Remove or raise contribution limit on pensions: C.D. Howe

Institute says decline of DB plans caused largely by laws that foster underfunding by sponsors
By Sarah Dobson
|hrreporter.com|Last Updated: 07/14/2008

Limits on income-tax contributions should be removed or raised to help with the underfunding challenges of defined benefit (DB) pension plans in Canada. That’s according to the C.D. Howe Institute paper Lifting the Lid on Pension Funding, which says the decline of DB plans is largely caused by laws and regulations that foster underfunding by sponsors.

The Income Tax Act’s 10-per-cent limit is meant to prevent companies from making pensions contributions, that are tax deductible, to reduce taxable profits. But this benefit is marginal because: businesses prefer to reinvest earnings or pay them out as dividends; pension funds attract tax when distributed or withdrawn; and regulations prevent deliberate over-funding of designated plans, say authors Robin Banerjee, policy analyst, and William Robson, president and chief executive officer, both at C.D. Howe in Toronto.

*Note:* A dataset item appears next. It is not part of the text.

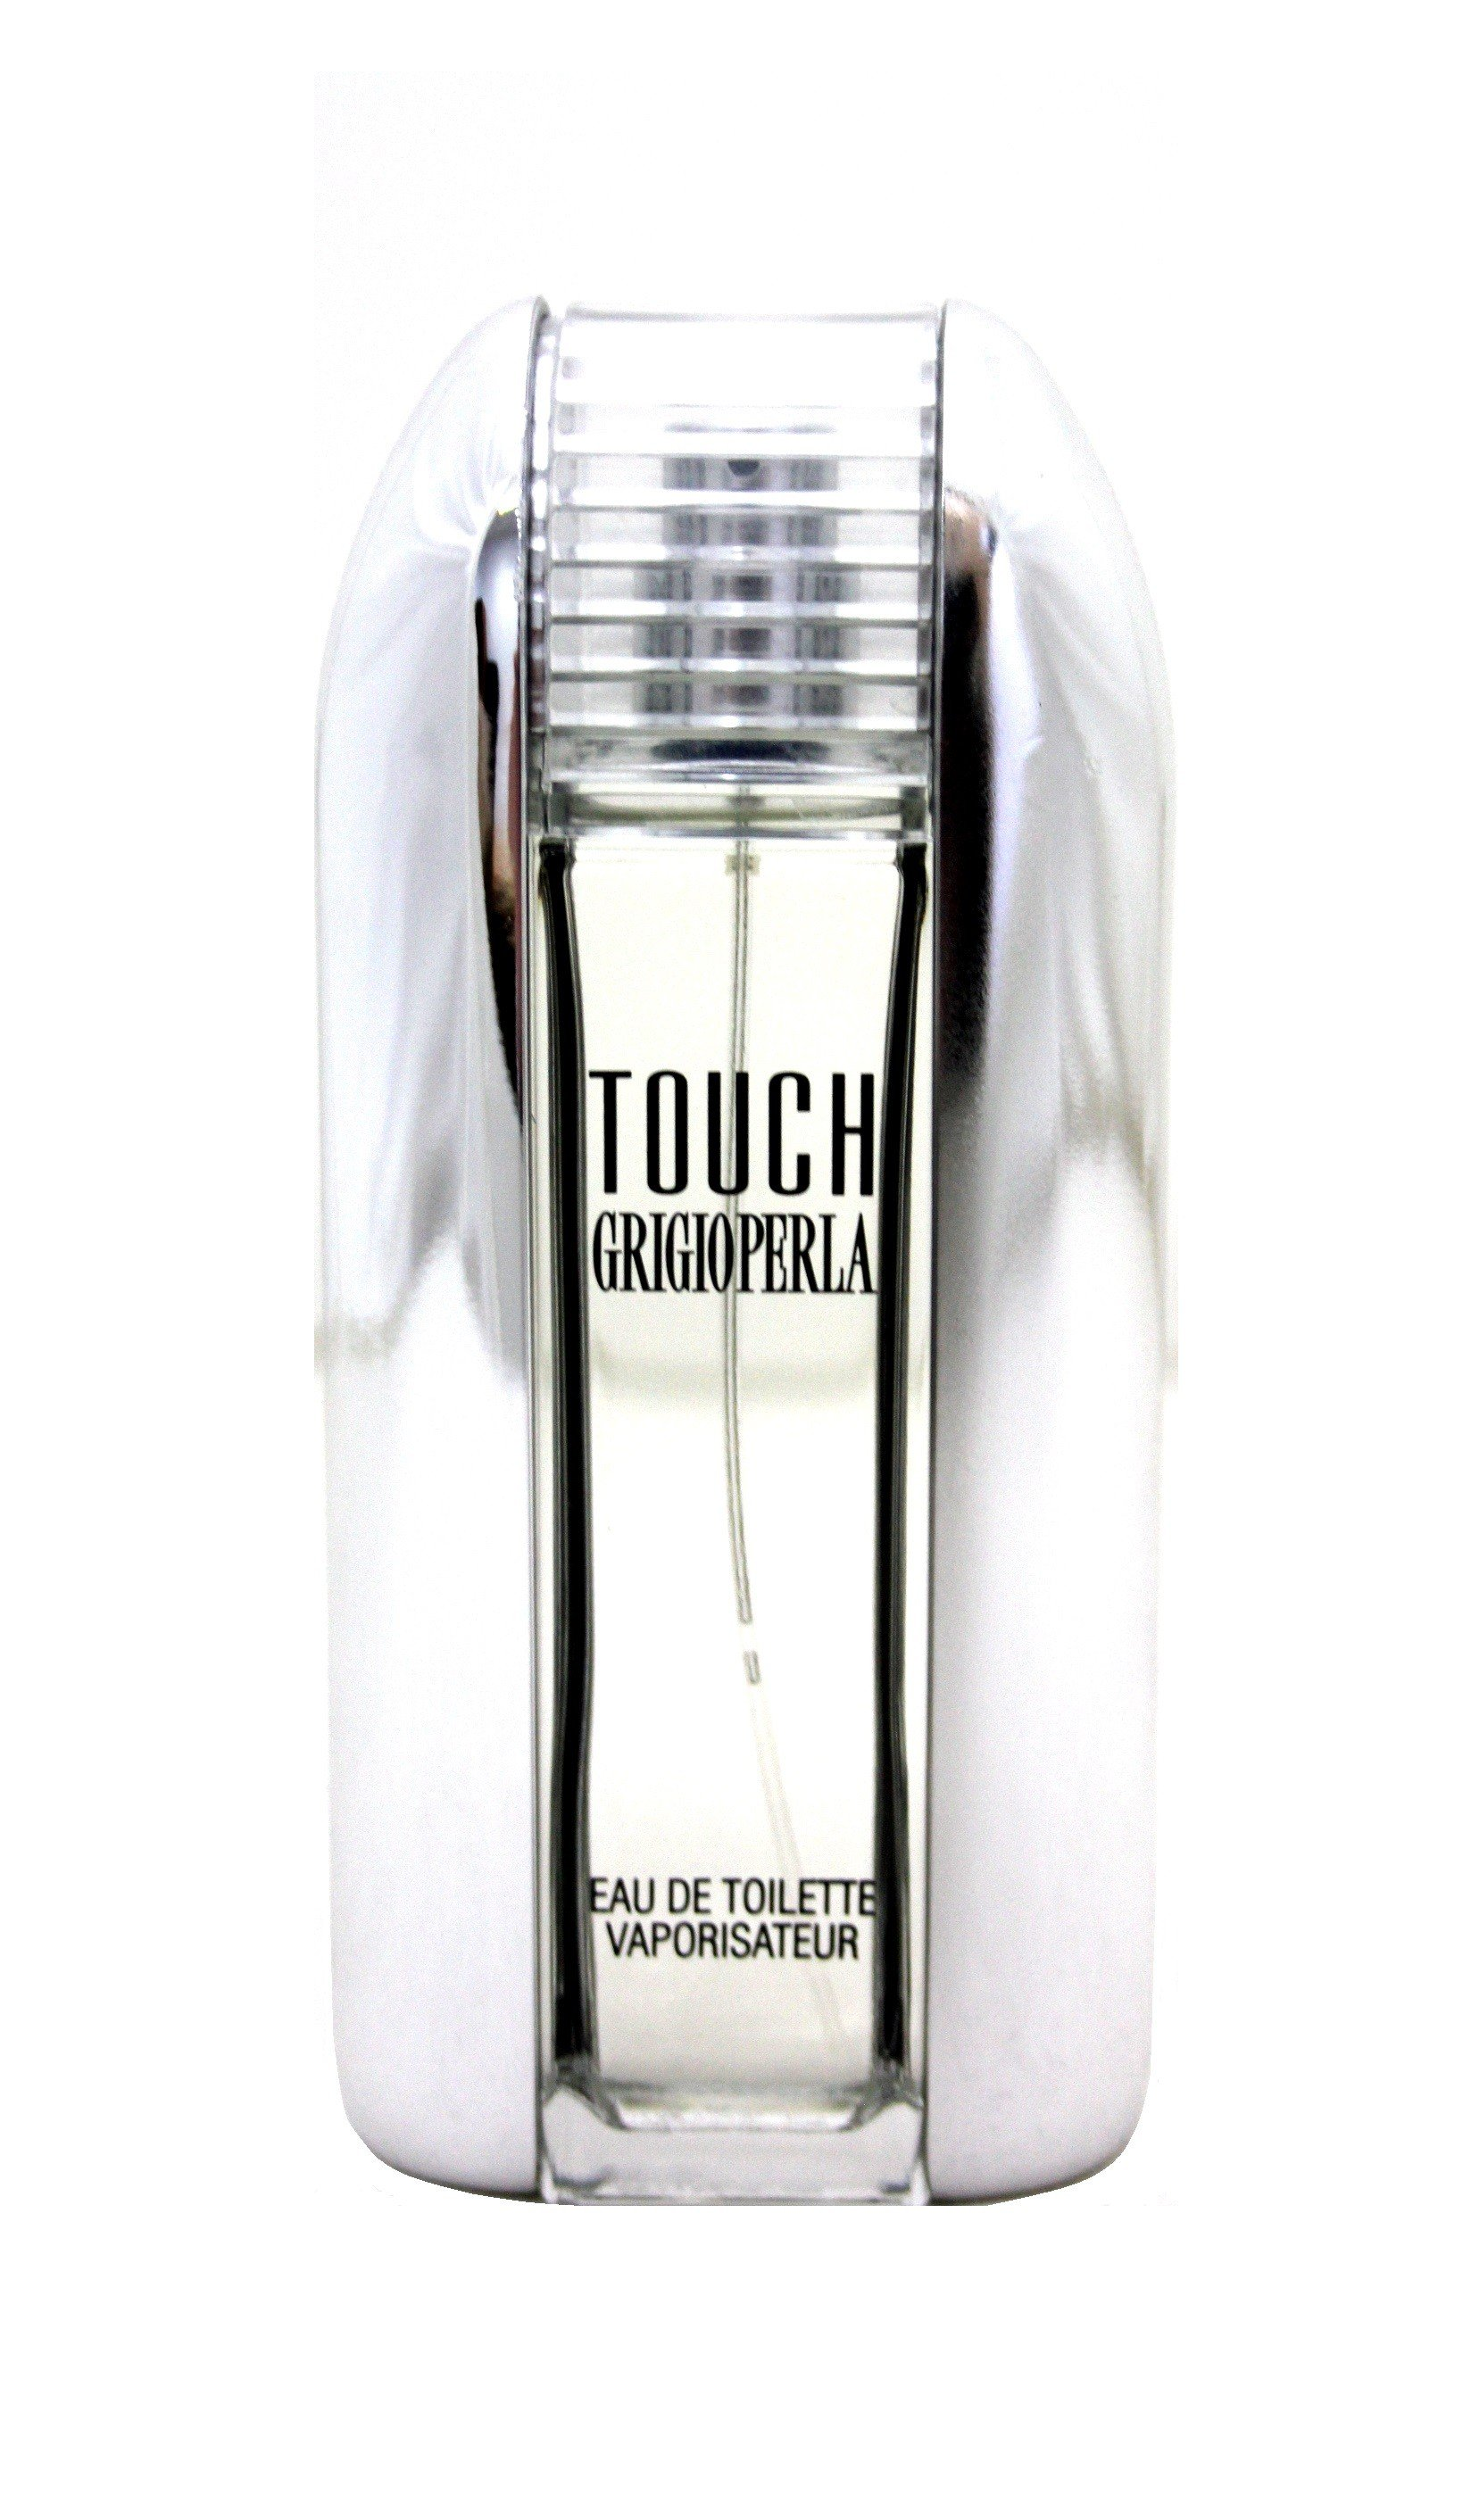 La Perla Touch Grigio Perla Eau de Toilette

In addition, “limiting contributions in good times stops plan sponsors saving in fat years to cushion against lean ones,” they say. “Having the flexibility to time investments can also help firms buy assets when they are cheaper and enjoy longer compounding periods.”

And most DB pension plans do not match assets to liabilities because pension plans have long horizons so they can tolerate short-term volatility.

As for limiting contributions when plans are in surplus, the authors suggest this “induces sponsors to inflate the size of reported liabilities so the cap does not constrain funding — a practice that perverts the cause of meaningful reporting — or stops companies from pursuing consistent contribution strategies as interest rates and asset markets fluctuate.”

The more sponsor contributions are constrained and sponsors are unable or unwilling to back promises, the more likely participants will have pensions smaller than bargained for.

A straightforward response would be to eliminate limits, says the paper, or raise the limit to 25 per cent, which already applies to multi-employer plans, with provisions for sharing of risk between sponsors and participants. Deficits in this case are as infrequent and small as with no limit at all.